Zwischen den Bahngleisen und der Wasserfront, schräg hinter der Oper, wird gerade ein Projekt fertiggestellt, das dem per Zug Ankommenden sogleich ins Auge sticht: Barcode nennt sich der Büro- und Wohnkomplex aus mehreren tiefen, dicht nebeneinander stehenden Hochhäusern nach einem Masterplan, den MVRDV mit dem norwegischen Büro a-lab und Dark Architekten entwickelt hat. Finanzdienstleister und Unternehmensberater wie PricewaterhouseCoopers sind dort in den ersten acht Etagen vertreten, darüber wird die Mischstruktur von Wohngeschoßen mit Terrassen und großzügigen, begrünten Einschnitten abgelöst. Auch Snøhetta hat hier ein Objekt geplant.

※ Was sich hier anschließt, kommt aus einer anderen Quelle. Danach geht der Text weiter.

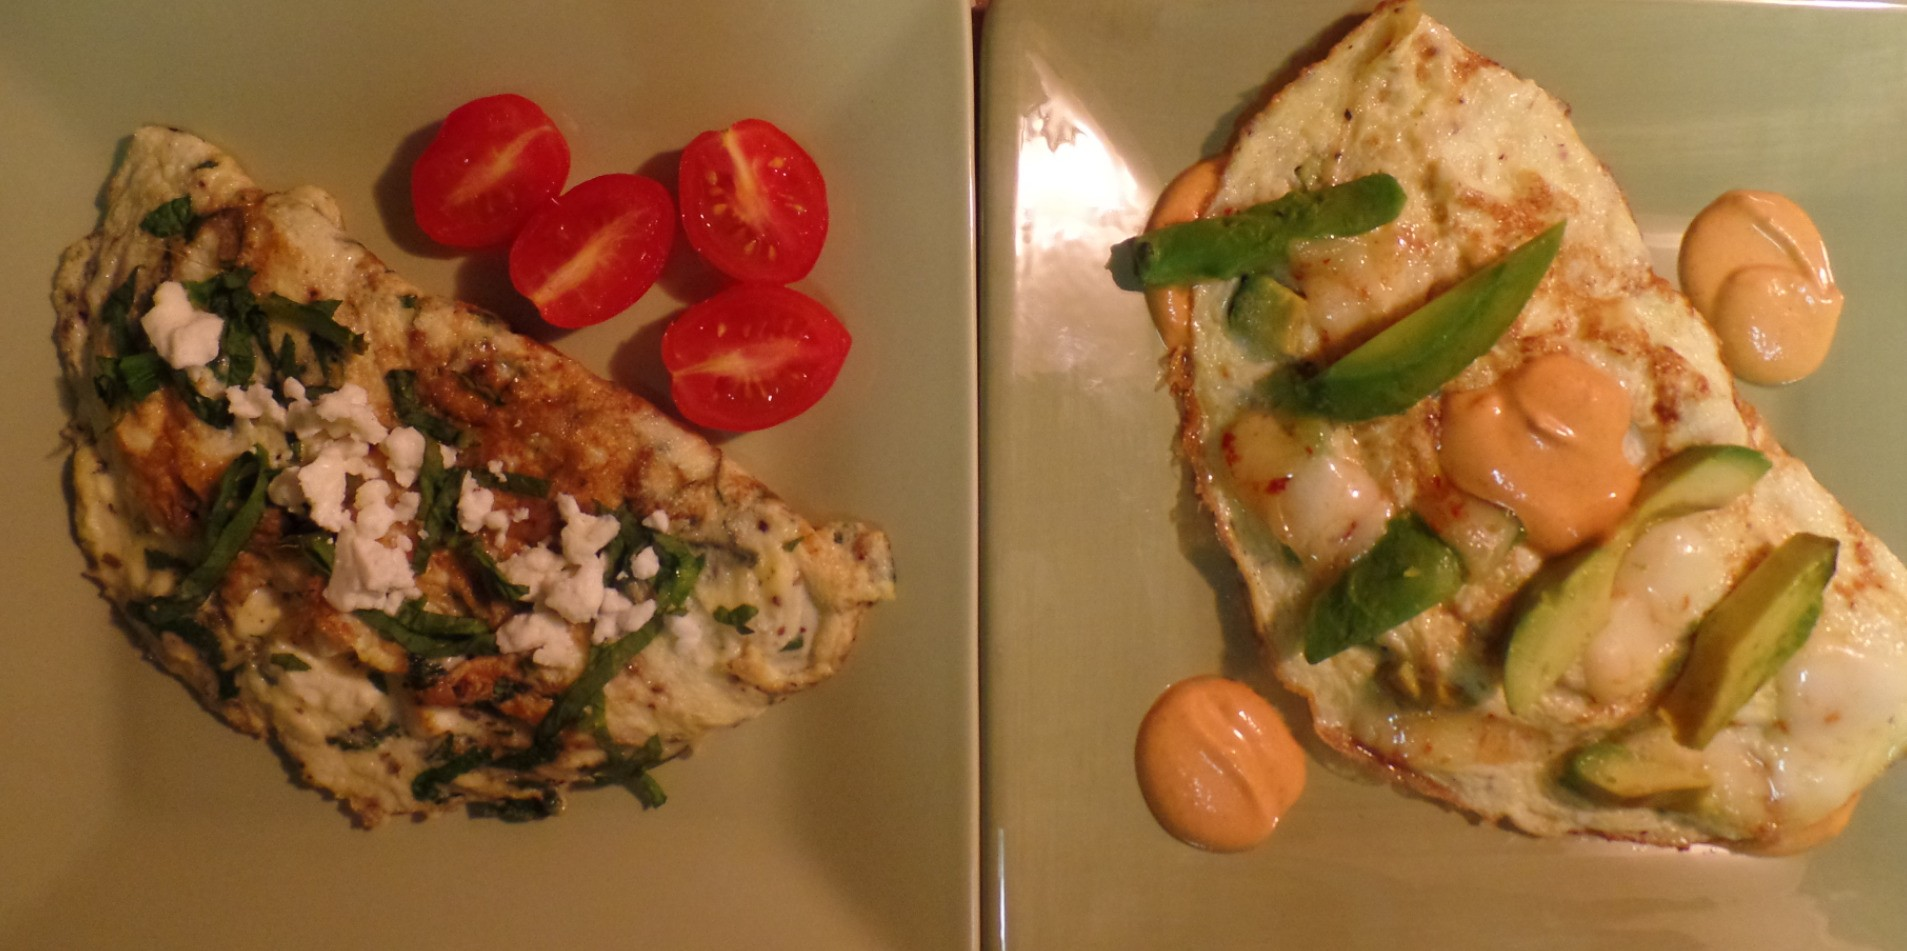 Omeletts for brunch #ilovebrunch #omelette #foodpic #foodgasm #foodporn #foodie #foodpedia #foodhunter #foodbloggers #eatwell #eathealthy #healthyeats #healthyfood #healthyeating #healthyfoods #realfood #detroitfoodnetwork #detroitfoodie #detroitfoodies #detroitfood #delish #delicious #deliciousfood #deliciousfoods #deliciousness #instafood #foodnetwork #owntv #wholefoods

Mit Barcode wird Oslo endgültig global. Es könnte überall in der Welt stehen – nur hier, knapp hinter der Wasserfront, scheint es fehl am Platz. Trotz linearer Anordnung, die laut Baubeschreibung die Verbindung zwischen Fjord und Stadt unterstreichen soll, nimmt die dichte Bebauung nämlich dem dahinter liegenden, leicht ansteigenden Ostteil des Viertels Grünerløkka, das flach bebaut ist, den Blick zum Wasser. Selbst von den die Stadt einrahmenden Hügeln ist der Blick nun eingeschränkt, und so verwundert es nicht, dass sich gegen dieses Projekt riesige Proteste formierten, die augenscheinlich nicht gefruchtet haben. Es mag konservativ scheinen, diesem Beispiel einer auch in Oslo notwendigen Stadtverdichtung ablehnend gegenüberzustehen. Doch die Stadt ist weitgehend flach bebaut. Was Snøhetta bei der Oper bewusst berücksichtigt hatte, wird durch Barcode nun für viele ausgeblendet: der Horizont am Wasser. Die Bewohner der Luxuswohnungen, erste Reihe fußfrei, wird das kaum stören.